Transnational corporations: the new masters of the game

Multinationals, now responsible for 70 % of global trade, largely escape the control of States. Their objective is the profit maximization, even if it means exploiting cheap labor and maintaining corruption.

National politics are too divided, too focused on the pursuit of power, to impose a coherent global regulation. Faced with this omnipotence, the levers of action are politicians and humans, more than economical.

Towards a paradigm shift

These crises call for a profound transformation: a silent revolution, a new worldview.

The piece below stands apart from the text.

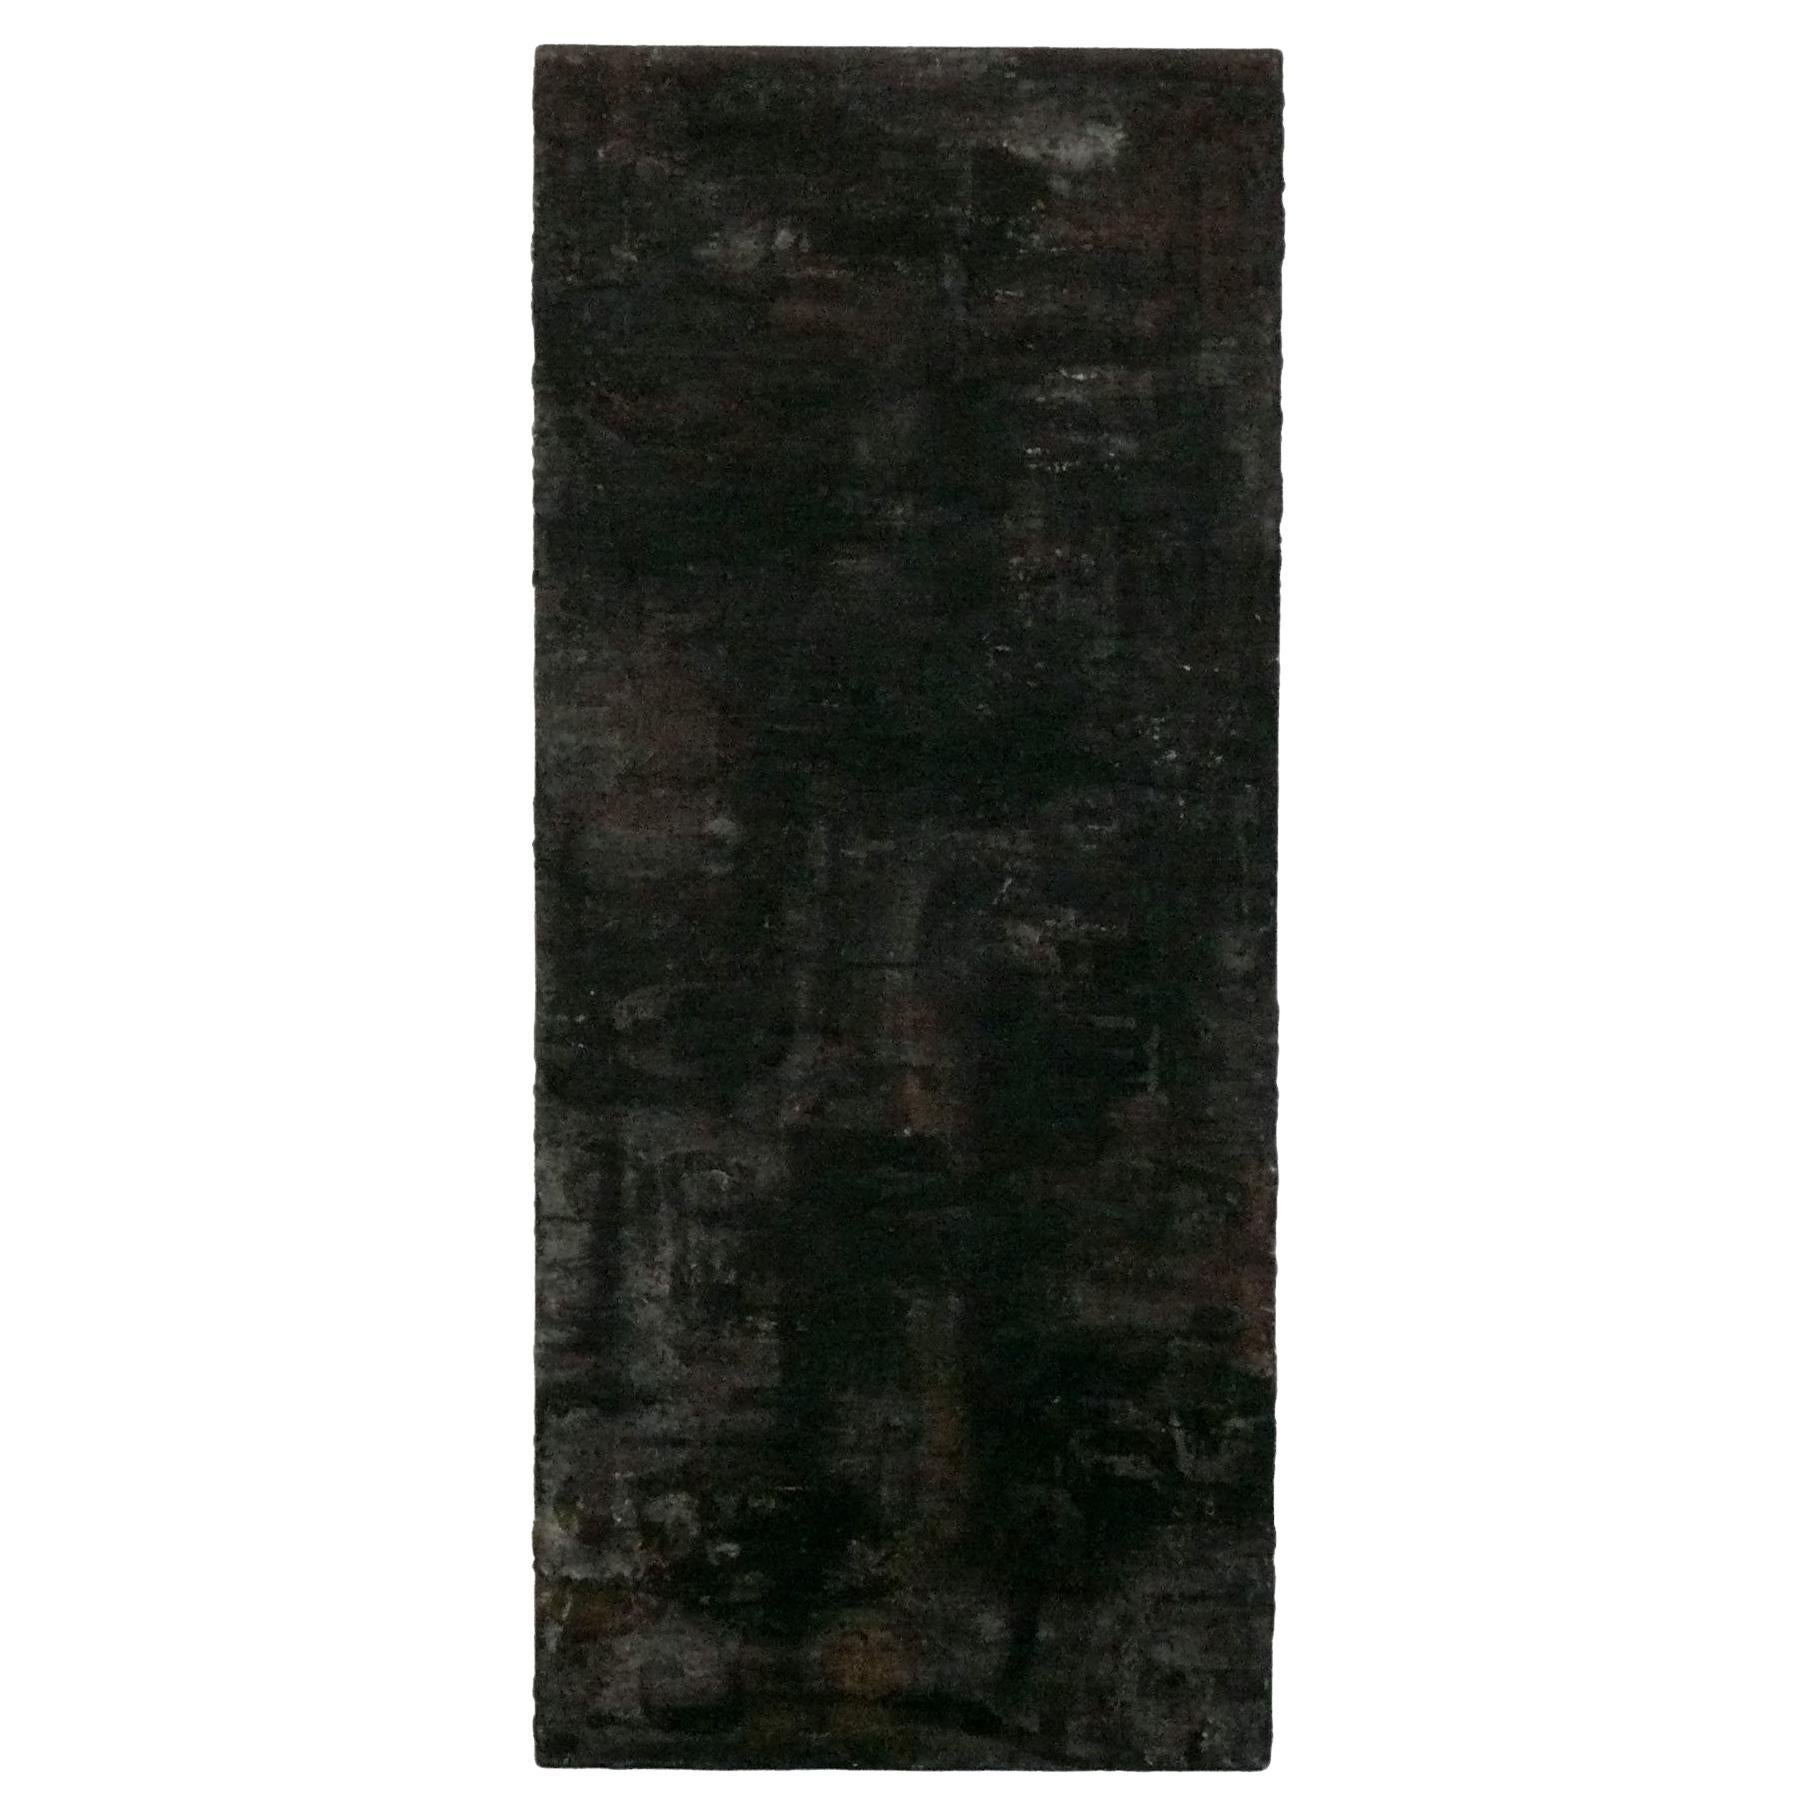 Schwarzes strukturiertes abstraktes Gemälde, ca. 1960er Jahre, 56" x 24" Vertikales oder horizontales Gemälde

The development model inherited from the industrial revolutions — based on the unlimited exploitation of natural resources — has become obsolete. It must give way to a model:

  • Focused on the individual responsibility,

  • Based on network logic rather than excessive centralization,

  • Where the knowledge, creativity and innovation take precedence over simple material growth.

In conclusion: from crisis to opportunity

Far from alarmist speeches, it is a question of seeing in these upheavals an opportunity to rehumanize the worldBuilding a new development model is a exciting adventure in which millions of citizens are already participating.

An open and supportive knowledge society is possible. The new world is emerging before our eyes, without the old one being completely erased yet. Hence the tensions, the resistance, the conflicts.

But from this friction also arises a new energy, which calls us to more creativity, solidarity and audacity.